• _RECORDED INFORMATION_:

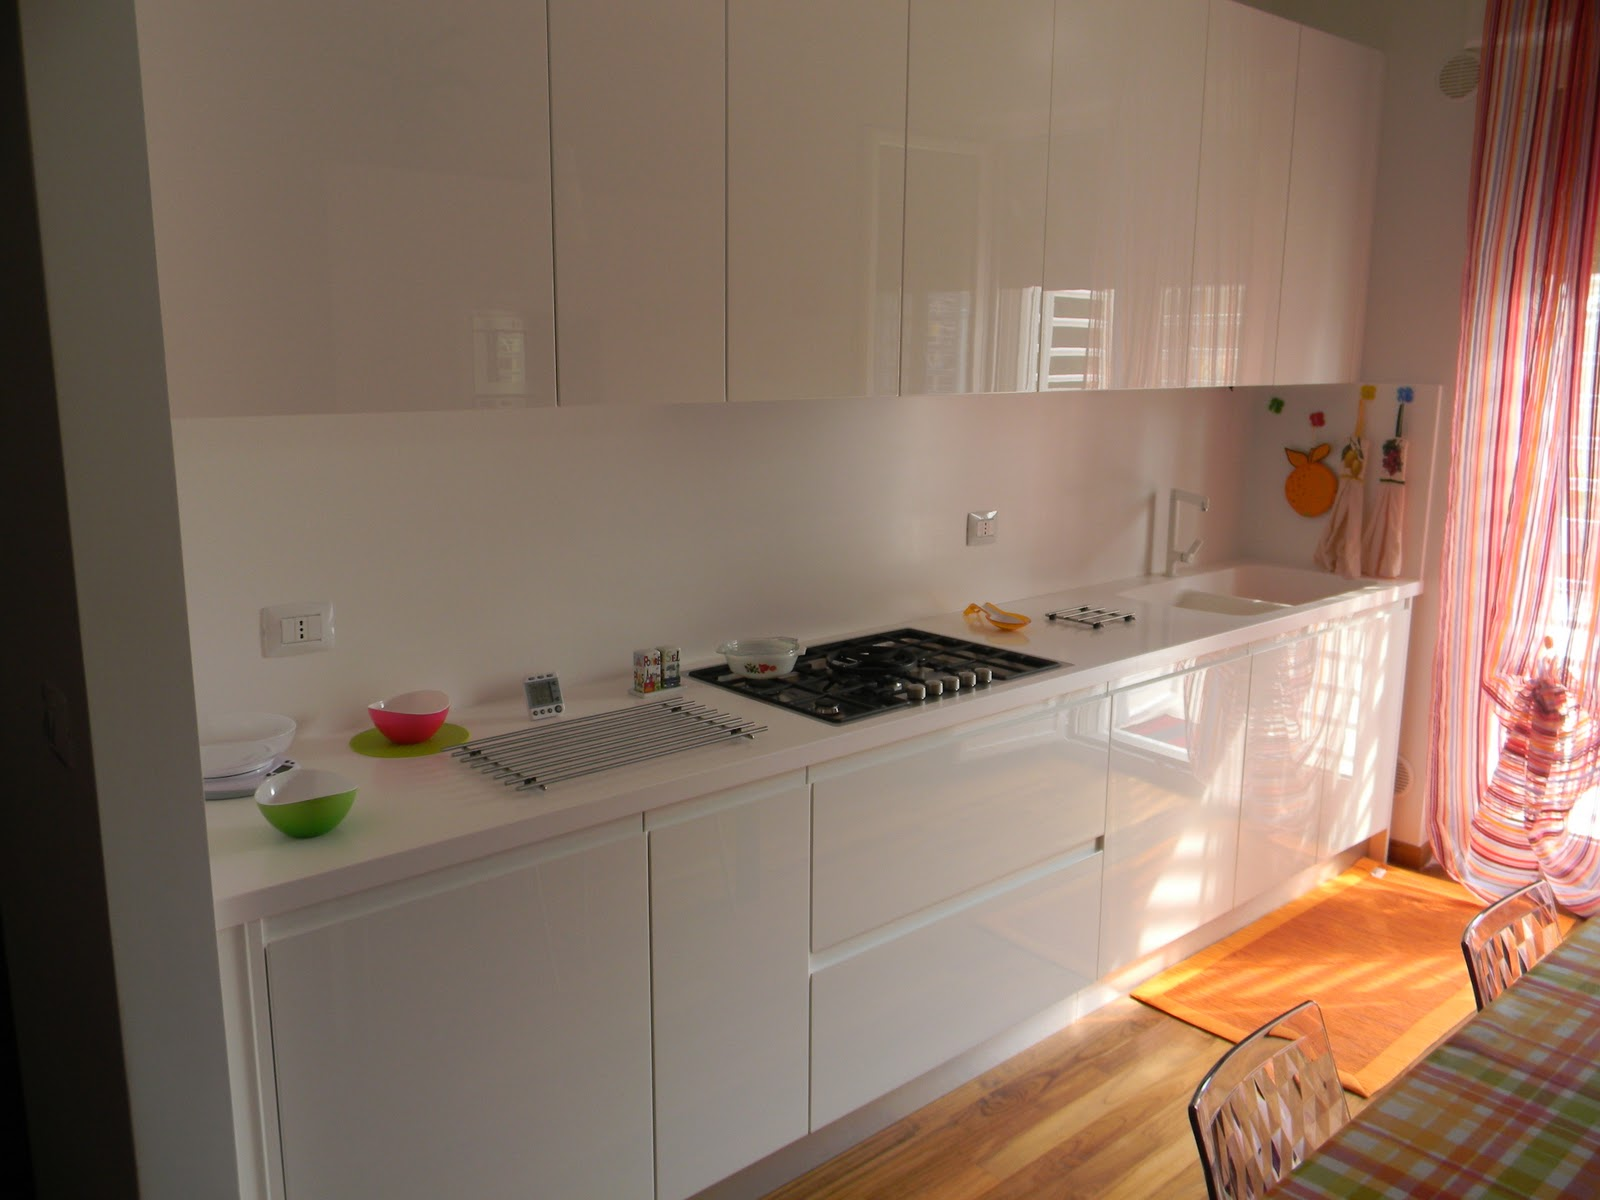 Carlino Antonio: Cucina Laccata bianca Lucida
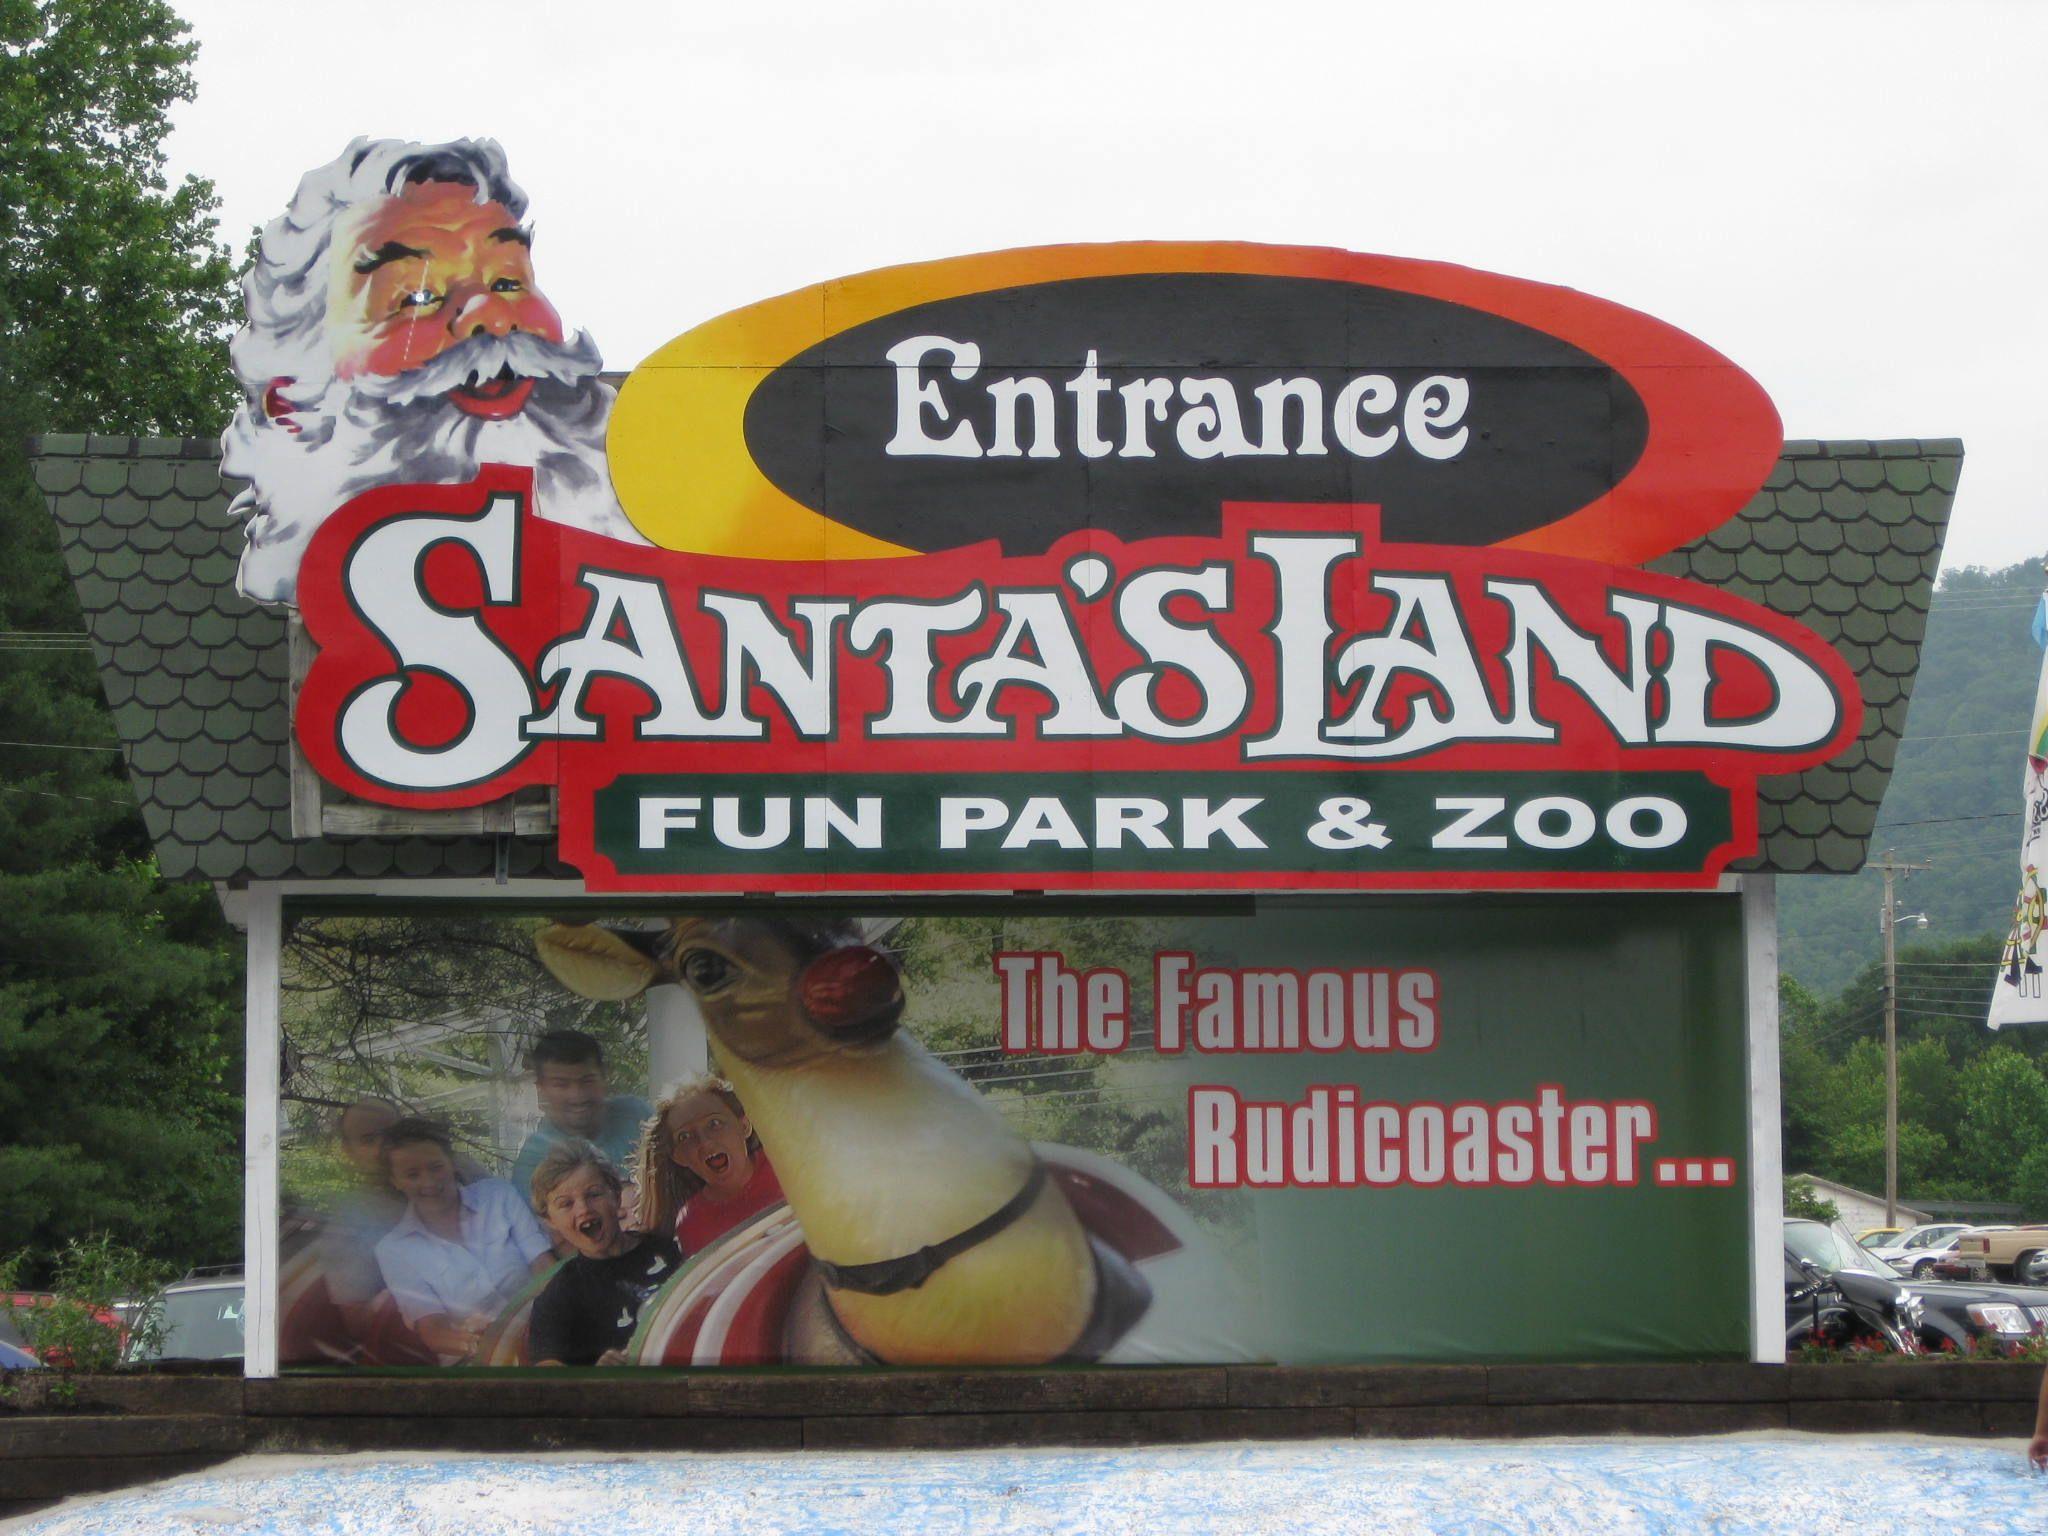 Santa's Land Cherokee, NC (Loved it! Great retro feel and
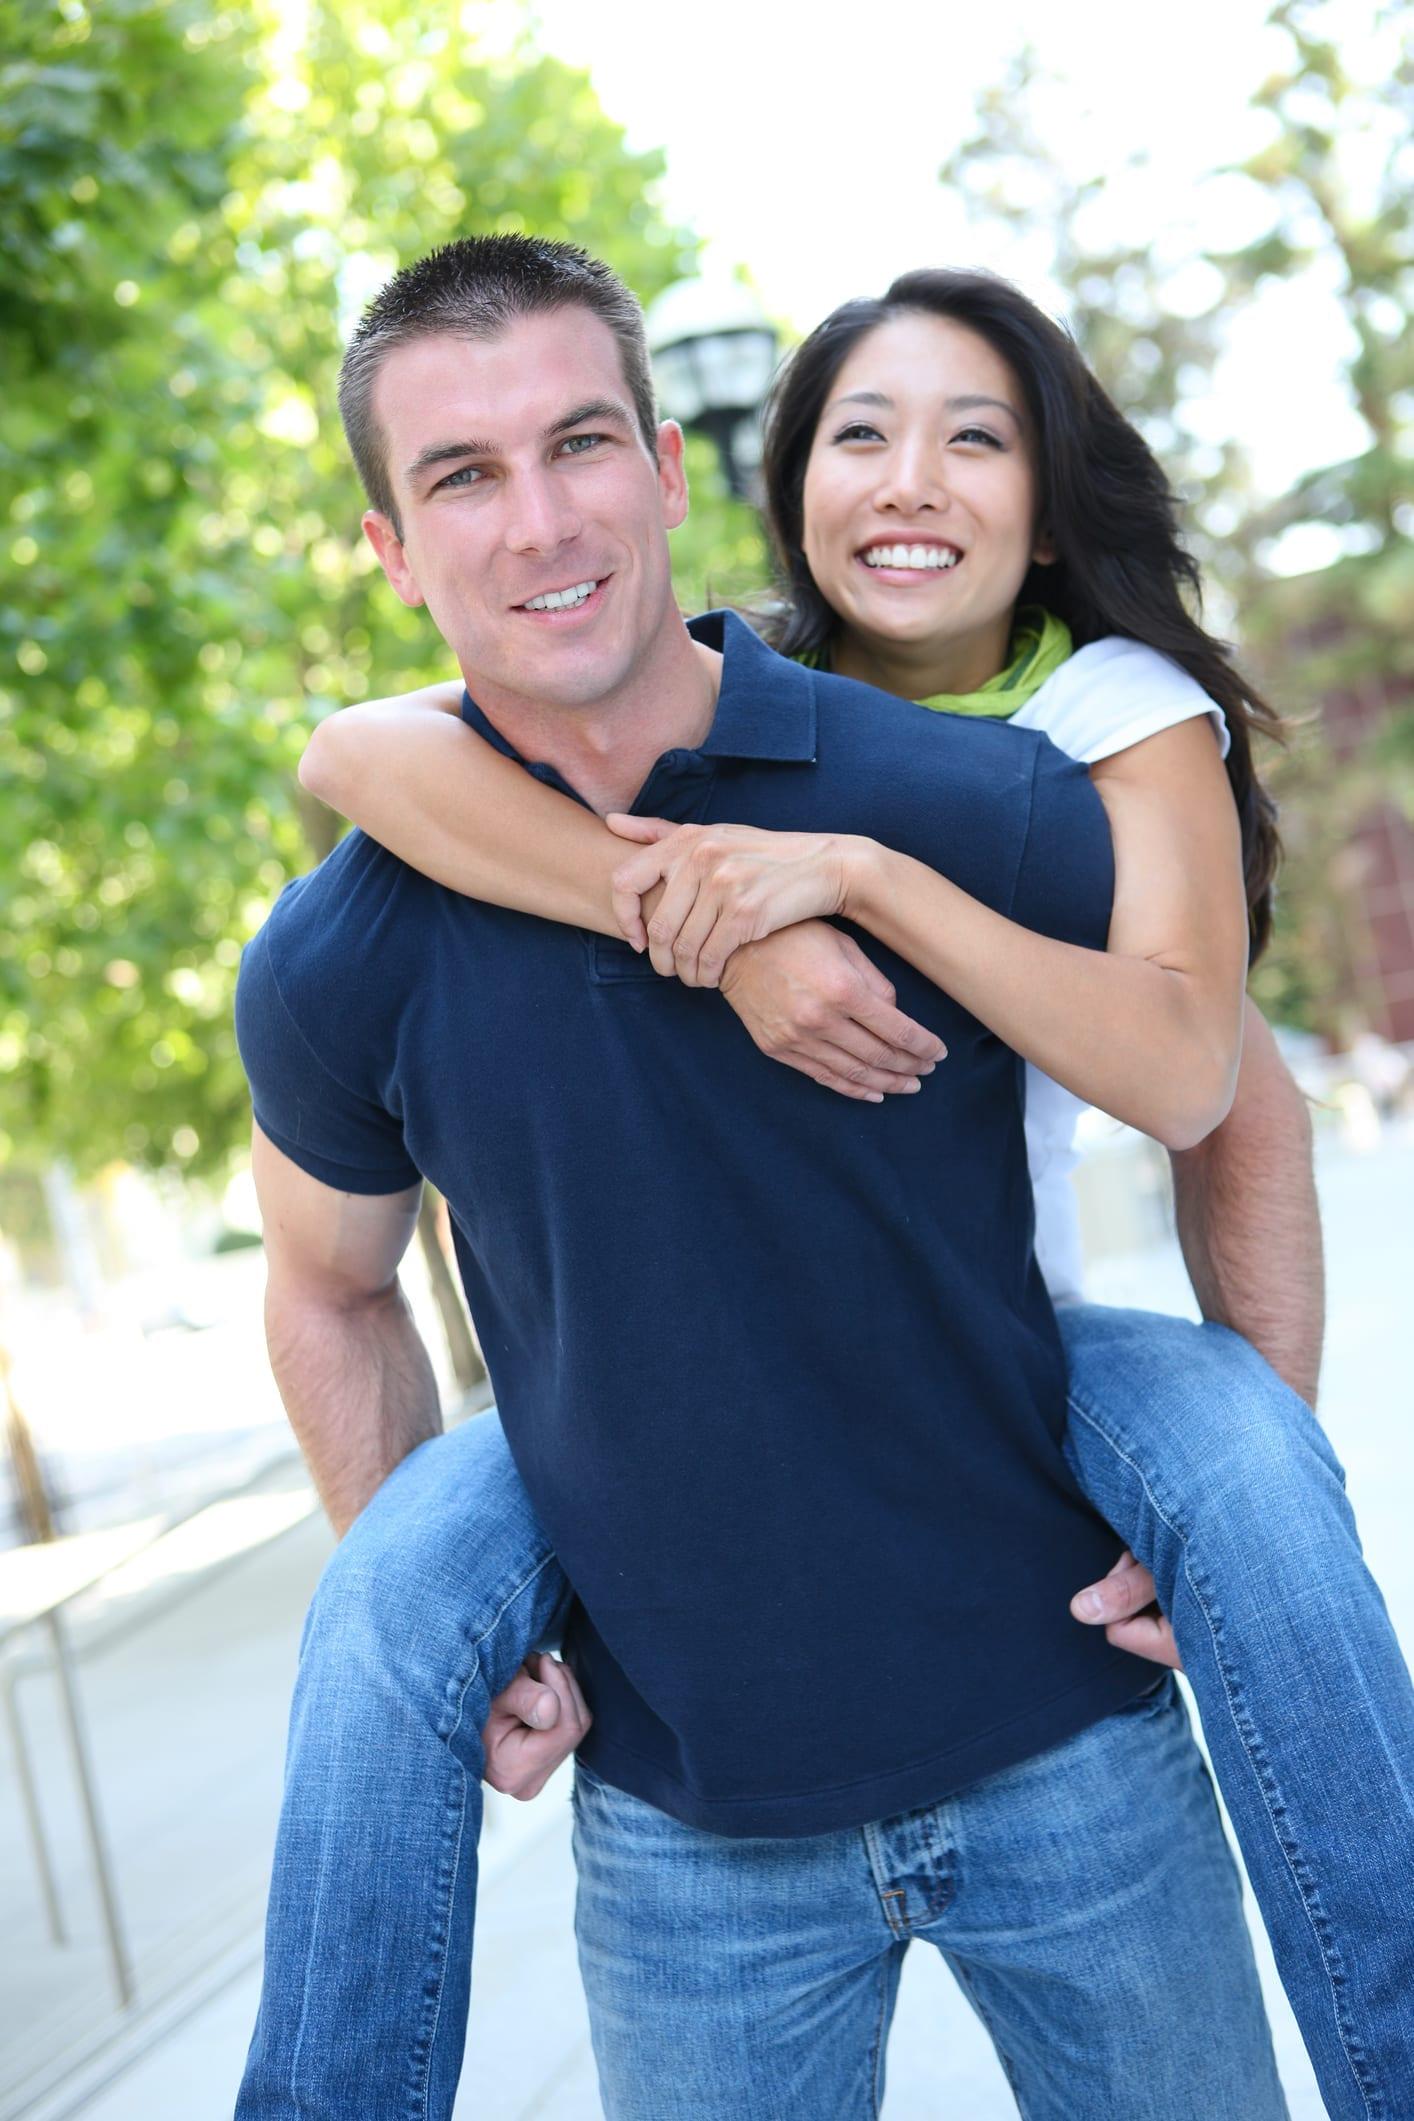 Fiance holding fiancee
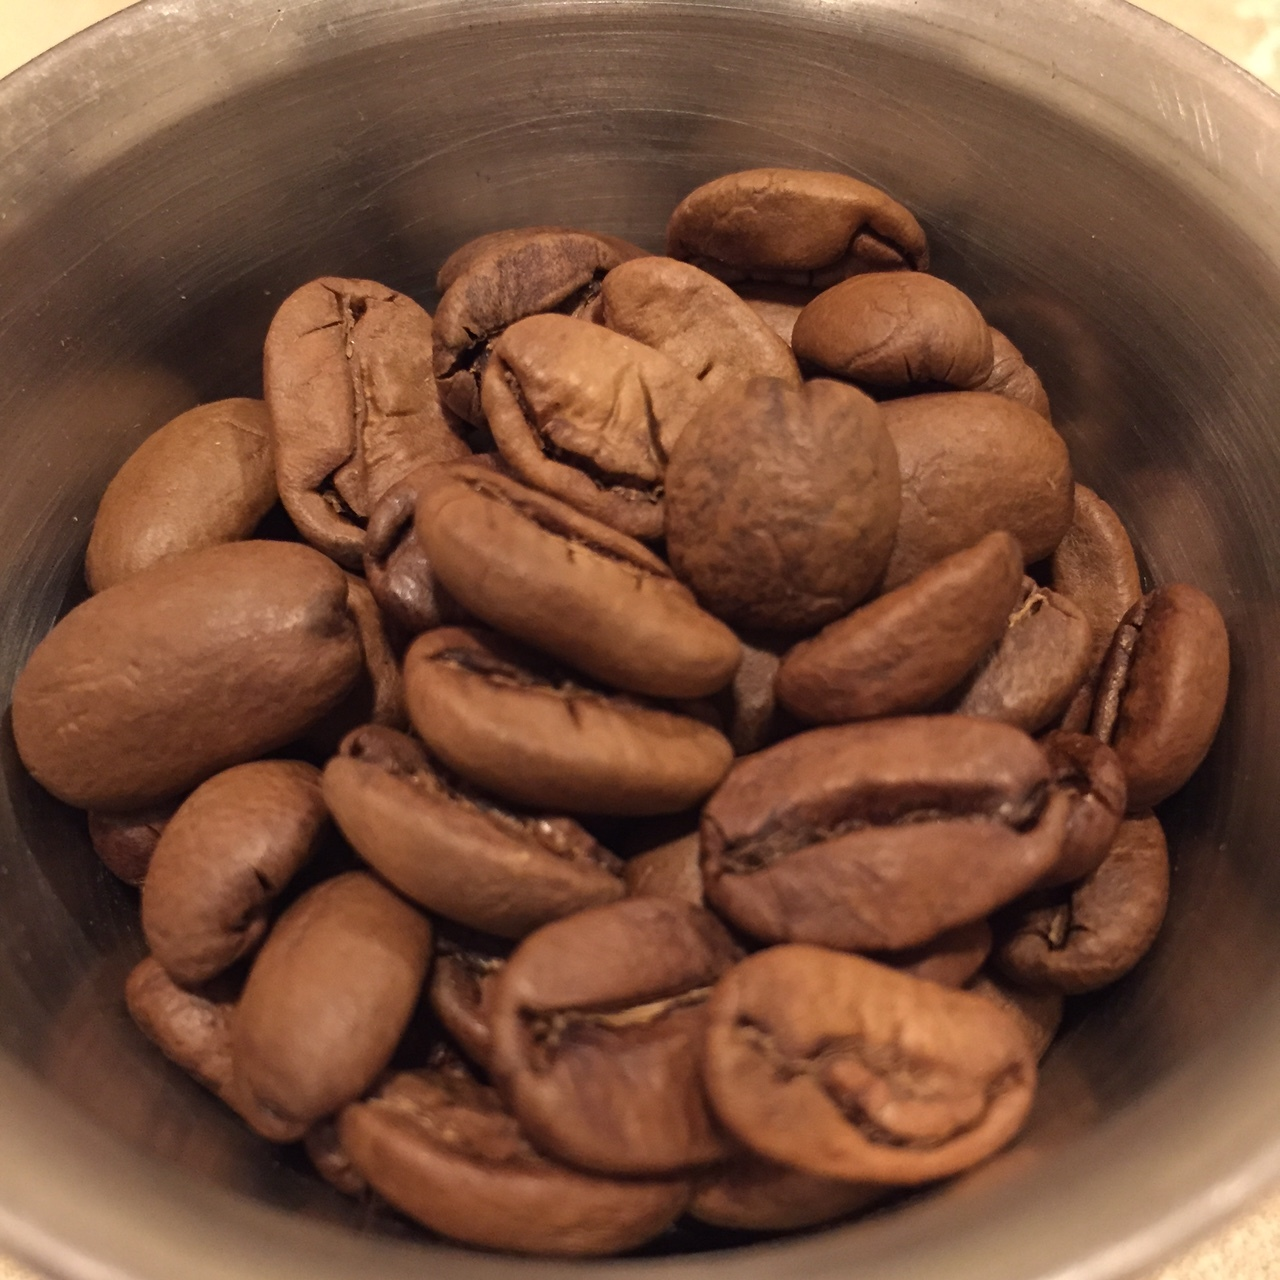 Very large light brown Pacamara varietal beans.

• _REQUIREMENT_: Without the images, print all of the lines above exactly.

• _REPLY TO THE EXERCISE_:
 Carlino Antonio: Cucina Laccata bianca Lucida
 Santa's Land Cherokee, NC (Loved it! Great retro feel and
 Fiance holding fiancee
 Very large light brown Pacamara varietal beans.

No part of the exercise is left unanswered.